TREA Leuna, a company which was likewise interested in providing those services, contested the decision of Stadt Halle before the competent administrative authority. The authority considered that, contrary to Stadt Halle’s arguments, the application was admissible, since even in the absence of an award procedure the decisions of the contracting authority ought to be subject to review. It also considered that because of the private shareholding there could be no question of an in-house operation to which the Community rules in the field of public procurement did not apply.

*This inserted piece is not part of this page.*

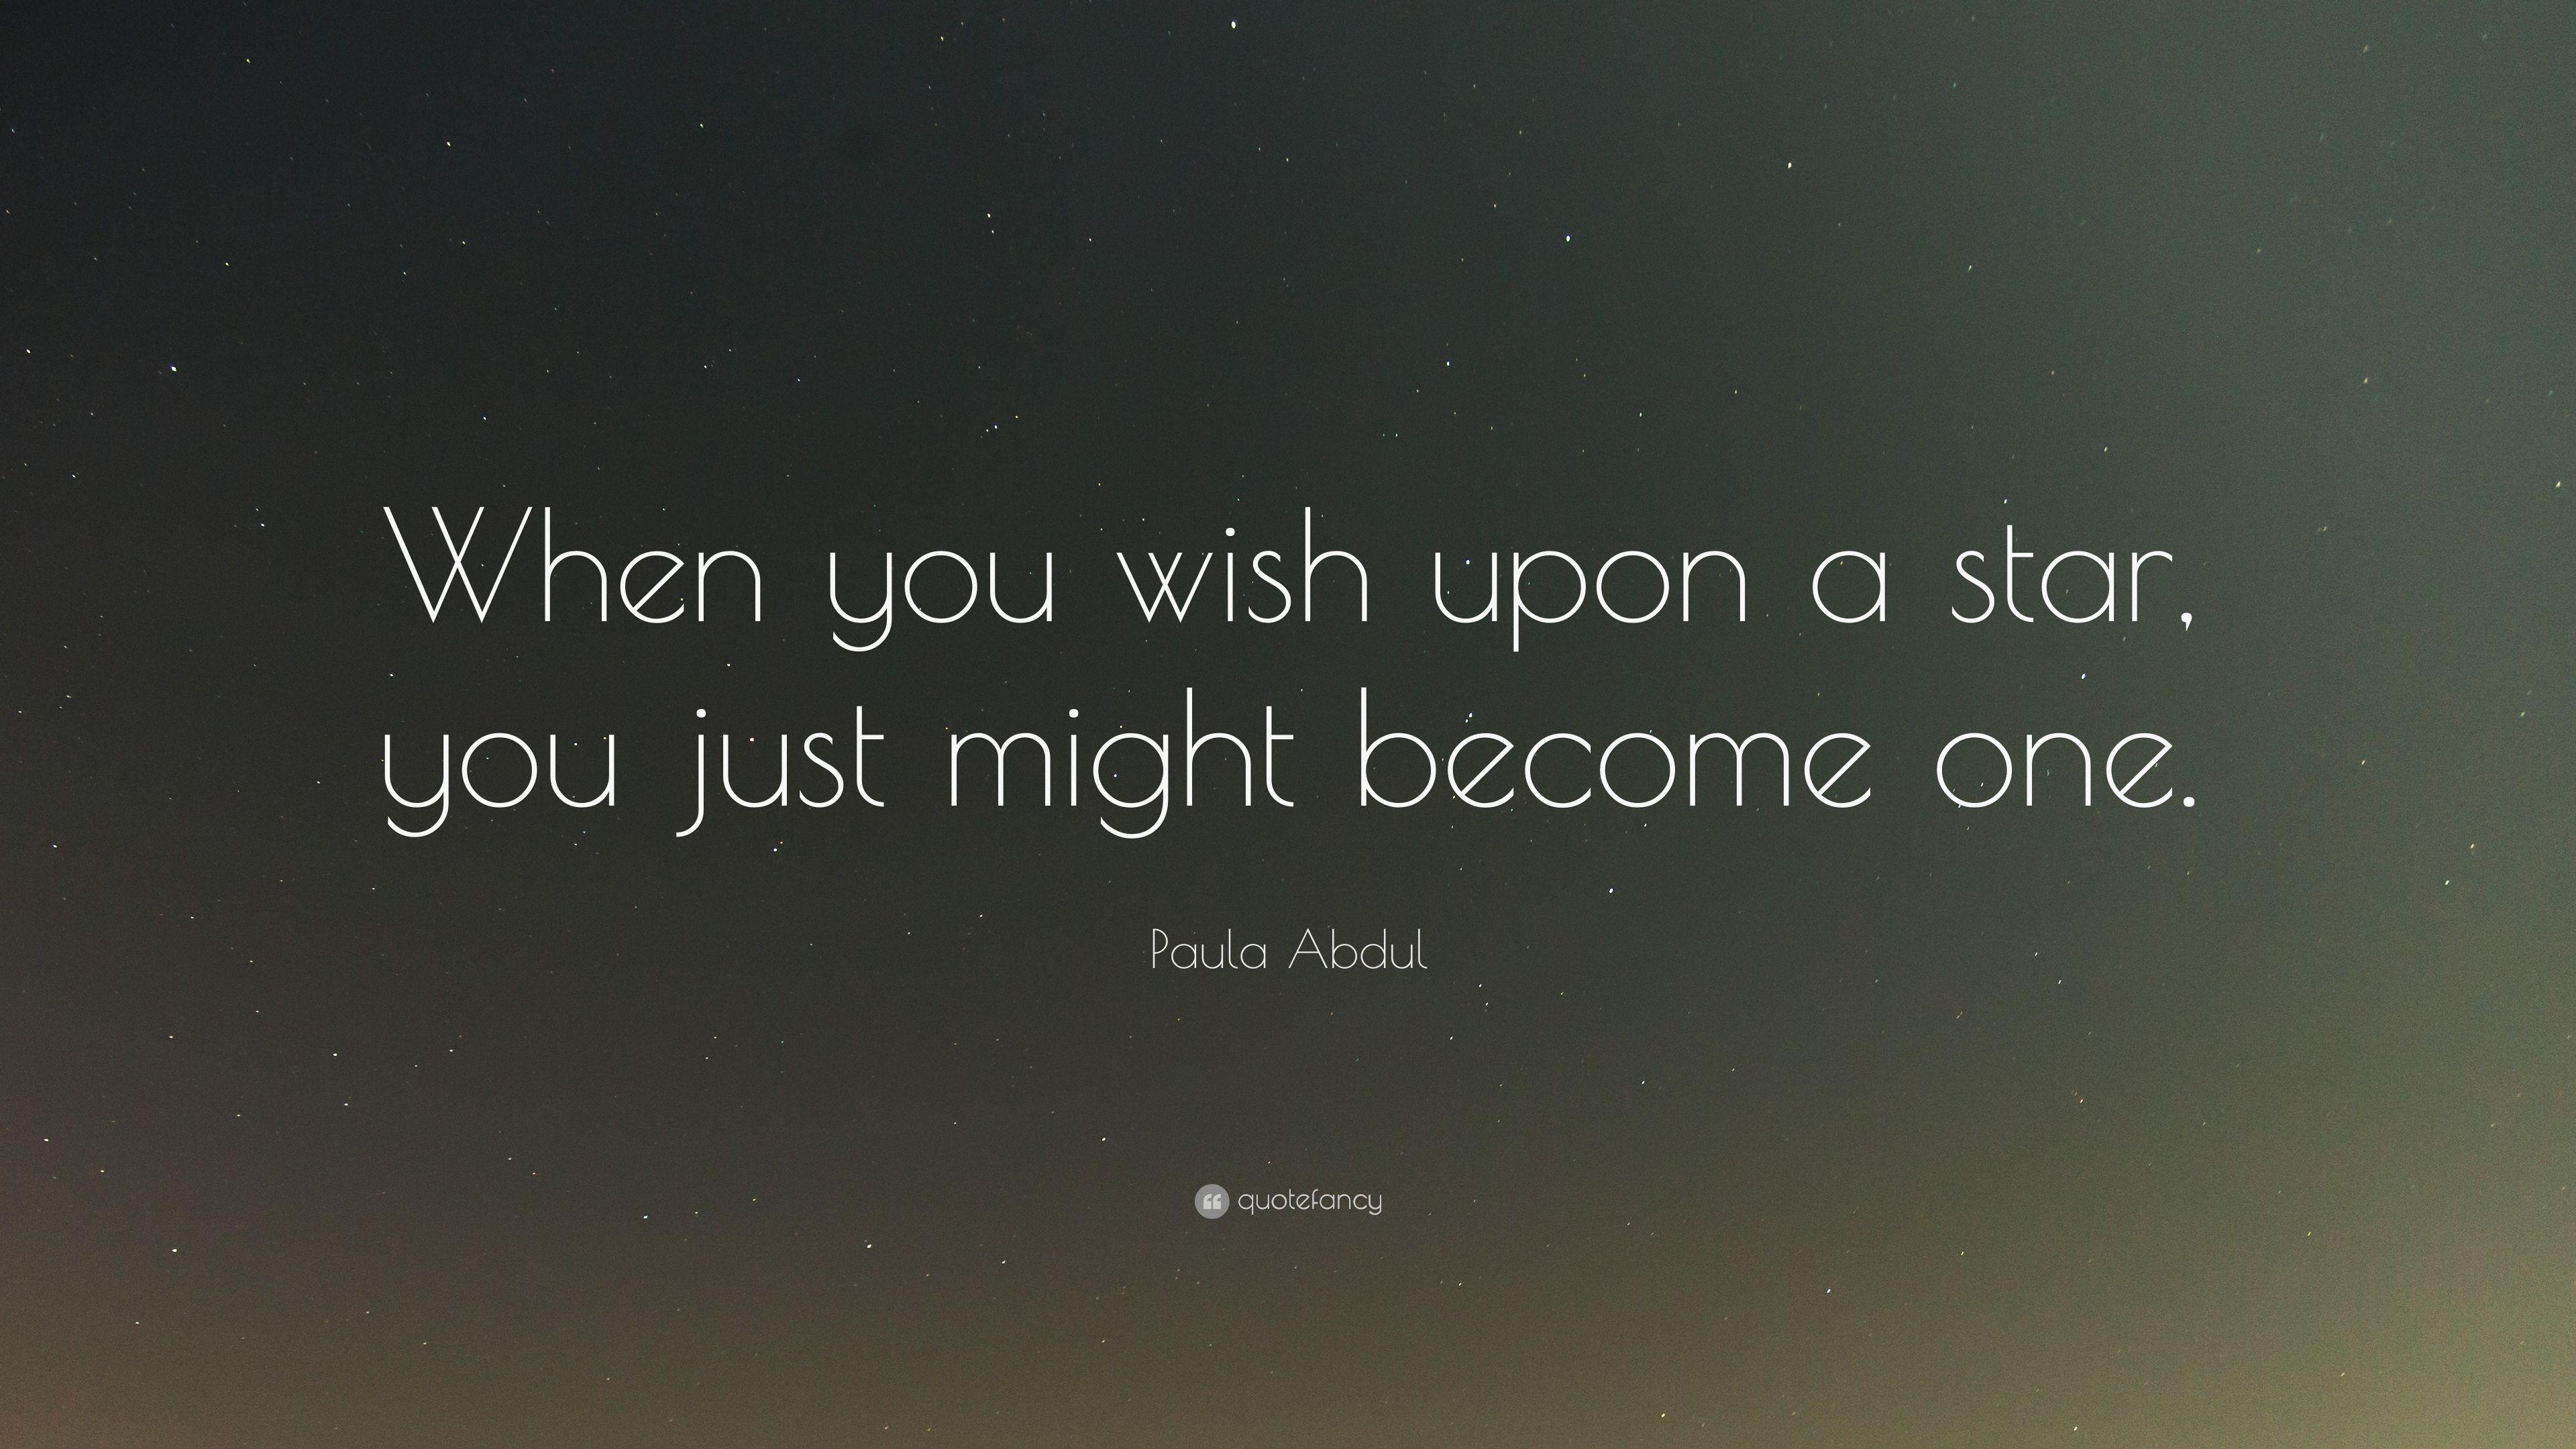 Paula Abdul Quote: “When you wish upon a star, you just might become

The Oberlandesgericht Naumburg, hearing the appeal brought by Stadt Halle, stayed the
proceedings and referred a number of questions to the Court of Justice of the European
Communities in this connection.

The Court of Justice rules that the judicial protection provided for by the relevant provisions of Community law(1), namely the obligation of the Member States to ensure that effective and rapid remedies are available, extends also to decisions taken by contracting authorities outside a formal award procedure and decisions prior to a formal invitation to tender. That is the case in particular for their decisions on whether or not to initiate a public award procedure laid down by Community law.

Not amenable to review, however, are acts which constitute a mere preliminary study of the market or which are purely preparatory and form part of the internal reflections of the
contracting authority with a view to a public award procedure.

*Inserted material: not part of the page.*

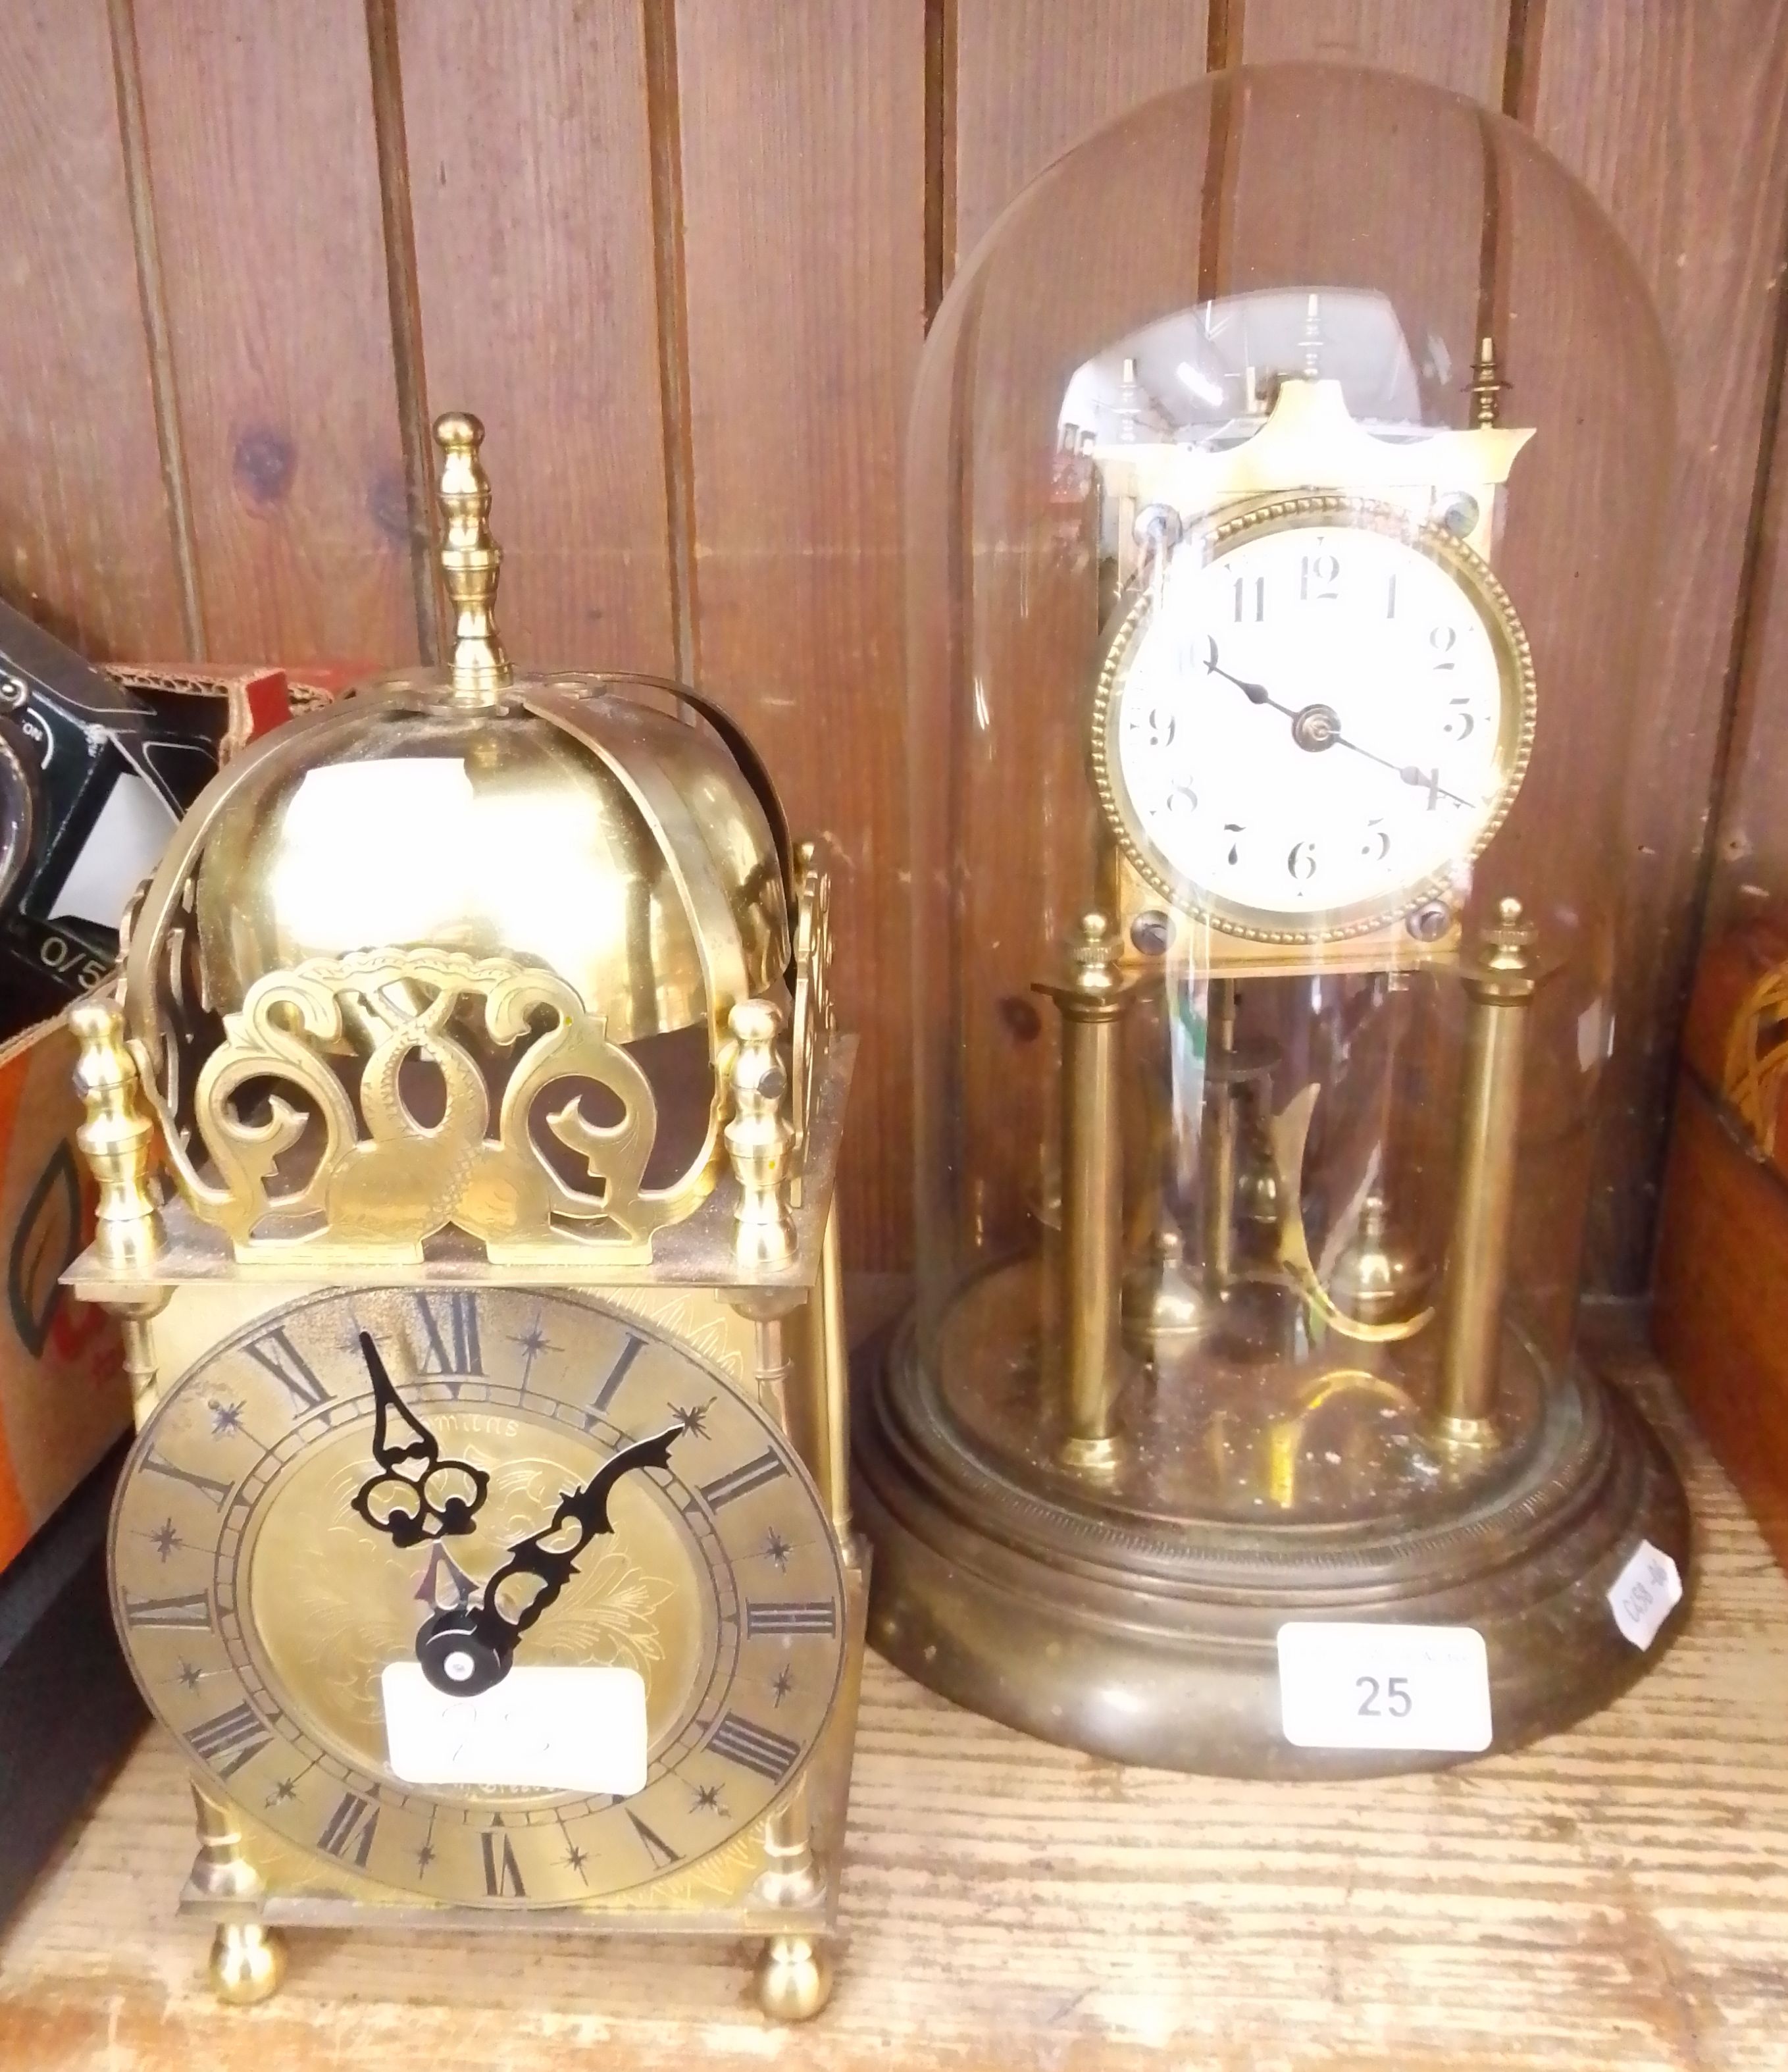 A 400 day German clock under glass dome and a brass lantern clock.

By contrast, where the expression of the will of the contracting authority has passed that stage and is capable of producing legal effects, that expression is open to review. Thus, where a contracting authority decides not to initiate an award procedure because in its view the contract in question does not come under the relevant Community rules2, such a decision constitutes the very first decision amenable to judicial review. Review is available, in any event, against the entering into of specific contractual negotiations with an interested party.

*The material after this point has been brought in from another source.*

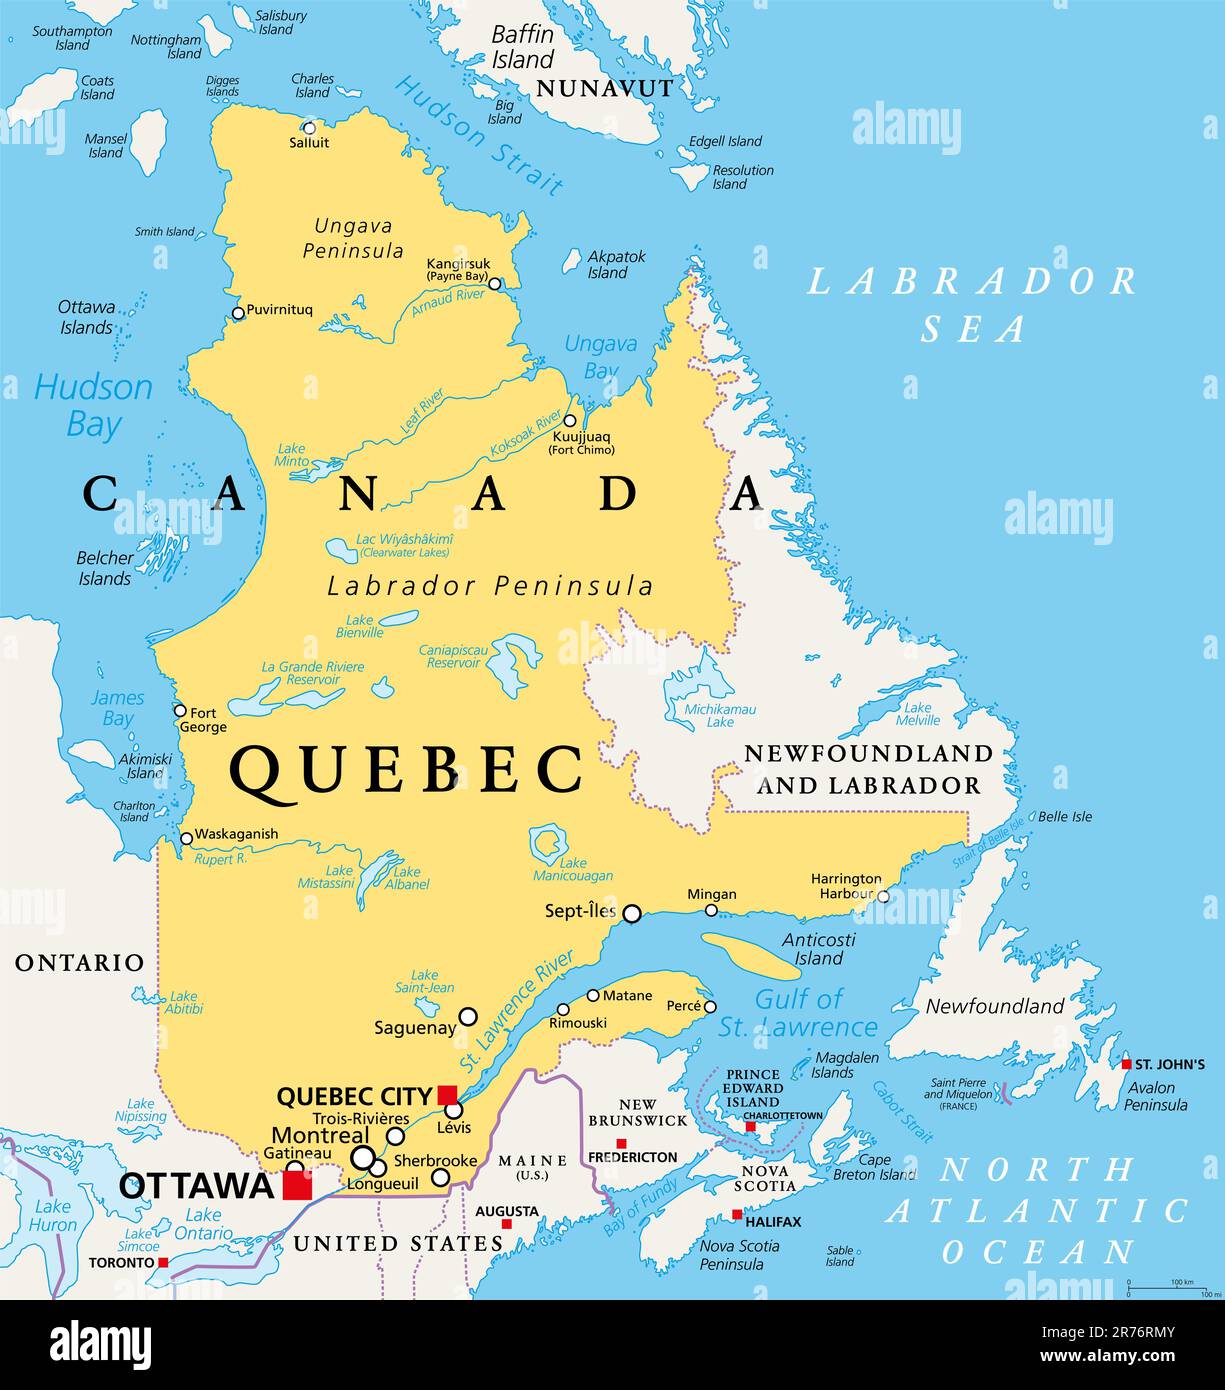 Quebec, largest province in the eastern part of Canada, political map. Largest province, located in Central Canada, with capital Quebec City. Stock Photo

The Court also rules that, where a contracting authority which intends to conclude a contract for pecuniary interest relating to services coming under Directive 52/90 with a company legally distinct from it, in whose capital it has a holding together with one or more private undertakings, it must always, regardless of the percentage of that holding, apply the public award procedures laid down by that directive. Otherwise, there would be interference with the objective of free and undistorted competition and with the principle of equal treatment, since an award without a call for tenders would offer a private undertaking with a capital presence in the undertaking in question an advantage over its competitors.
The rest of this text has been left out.